Стадион «Газпрома» - оставшееся место условно разрешенного прохода. Там, конечно, тоже стоит охрана, и к реке пускают не всех, потому что обследовавшие дно водолазы обосновали купание в реке опасным для жизни, о чем предупреждают запретительные таблички. Пускают, во-первых, заниматься физкультурой, если приобрести абонементы или автопропуска. А во-вторых, бесплатно - организованную группу стариков из клуба моржей. Собственно моржей из них единицы, но в купальный сезон много примкнувших, борющихся со своими болезнями посредством умеренных телесных движений, - таких, как моя мама.

Стадион давно воюет с нежелающими платить за свое увлечение пенсионерами. Война идет с переменным успехом. В этом году старики на коне – они завоевали право проходить без бумажек и лишних расспросов, и не только для себя. И теперь у них даже есть причал с лесенкой для спуска в воду, что особенно важно, учитывая состояние тел многих пожилых пловцов.

Среди стариков больше женщин, активность которых перебарывает и внешние неудобства, вроде необходимости переодевания при всех, и внутренние переживания, связанные со стыдом показать старческую плоть в купальнике. Плавание их оживляет, многие забывают о комплексах и в хорошую погоду не спешат расходиться по домам, занимая место на причале, как на скамеечках во дворах.

В отличие от городских дворов, здесь можно услышать и нечто интересное, вроде невольно подслушанного мной, пока я поднимался на причал, обсыхал и вытирался, разговора женщины с уставшим голосом и бывшей руководительницы стариковского клуба, расположившейся в центре причала на рыбацком стульчике. Руководительнице было под восемьдесят. Эти восемьдесят были видны и по ее фигуре с пухлыми отекшими ногами и руками, и по лицу с бородавками. Только глаза у нее были молодые - быстрые, живые, ясные. Мама рассказывала, что ее дети давно живут в Израиле. Она к ним часто летает и подолгу гостит. Но перебираться туда навсегда не хочет.

Я не видел, чтобы она плавала. Она всегда сидела на стульчике, желала всем здравствовать, что-то рассказывала о детях и внуках, что-то спрашивала.

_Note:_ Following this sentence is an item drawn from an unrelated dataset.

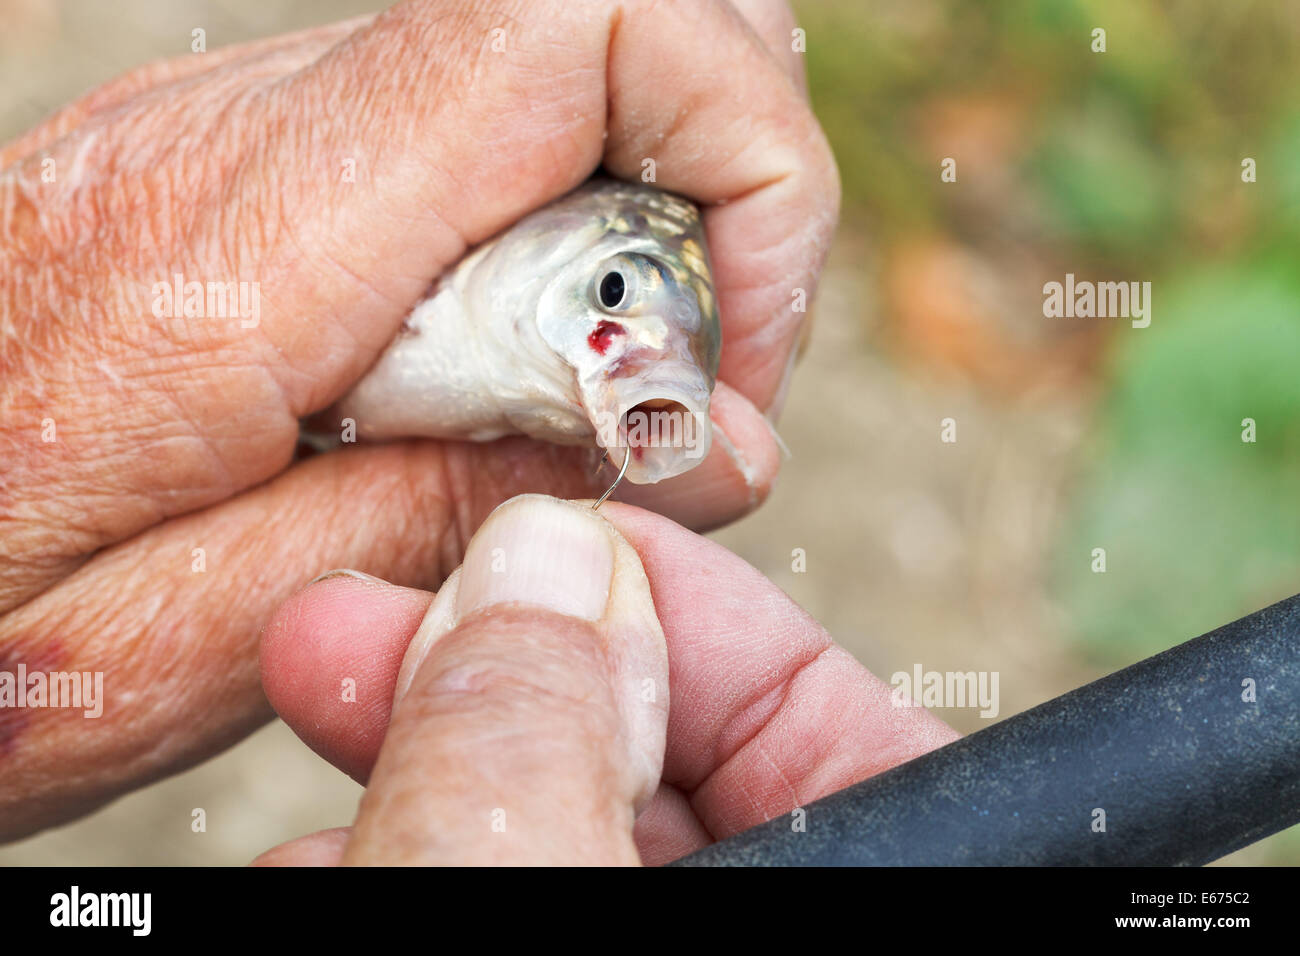 Fish hook pulling skin Stock Photo - Alamy

- … Конечно, тяжело, и даже приходится себя заставлять, – отвечал ей бесцветный голос. – Но так бывает тоскливо без этого. Когда покажется все ненастоящим. Все, что было. И начинаешь вспоминать, как в детстве мечтала делать нужную работу, любить по-настоящему. Как будто вчера это было. Как я мечтала, как сердце замирало. Как была уверена, что у меня получится все, о чем думаю. Как празднично все будет, какая радость будет, счастье. Не только у меня - у всех, кто меня окружает. И я буду стараться этого достичь, все делать, что для этого нужно. И эта надежда, такой она казалась простой и реальной. А сегодня уже все прошло. Вся жизнь пролетела между вчера и сегодня. Как же это получилось? Ведь получается, что жизни не было. То есть должна была быть, и что-то было, а было ли? Ведь между вчера и сегодня ничего нет. Об этом и думаешь - особенно, когда не спится. Все думаешь. Зачем жила? Что видела? Как будто детская мечта сменилась сном, тяжелым забытьем, и все было во сне, а не наяву. Как не со мной. Почему все так было, куда прошло? Плакать хочется... Ты про болячки говоришь, а мне все равно, что болит. Я знаю, что не от болезни умру – от тоски. Как перестала работать, так точно сглазили. От этой тоски все и болит. Ночью то ли спишь, то ли нет. Утром ничего не хочется. Каждый шаг кажется лишним. Зато, когда пересилишь себя и залезешь в воду, то будто муть эту с себя смываешь. И на время легче становится, и можно дальше жить. Даже не знаю, как это сказать, но мне не тело надо размять, чтобы проснуться. Главное, тишина эта, вода, природа, которой нет в городе, – здесь все живое вокруг, все живет, все зовет жить, и все плохое в тебе от этого переворачивает вниз, чтобы не мешало. И мысли из-за этого переменяются. Как-то и про обиды забываешь, и дети кажутся лучше, чем они есть на самом деле, да и все вокруг - лучше и живее. А потом и тело оживает, когда наплаваюсь. И в голове все опять по полочкам раскладывается, - что надо теперь сделать, а что потом. И уже хочу жить, потому что и сыну надо помочь, и к дочке хочется поехать. И чего, думаю, дура, ночью плакала? Ведь все хорошо. Жизнь прожила, как все. И даже лучше многих. Все у меня было. И сейчас все есть для жизни, и зачем только эта тоска меня крутит?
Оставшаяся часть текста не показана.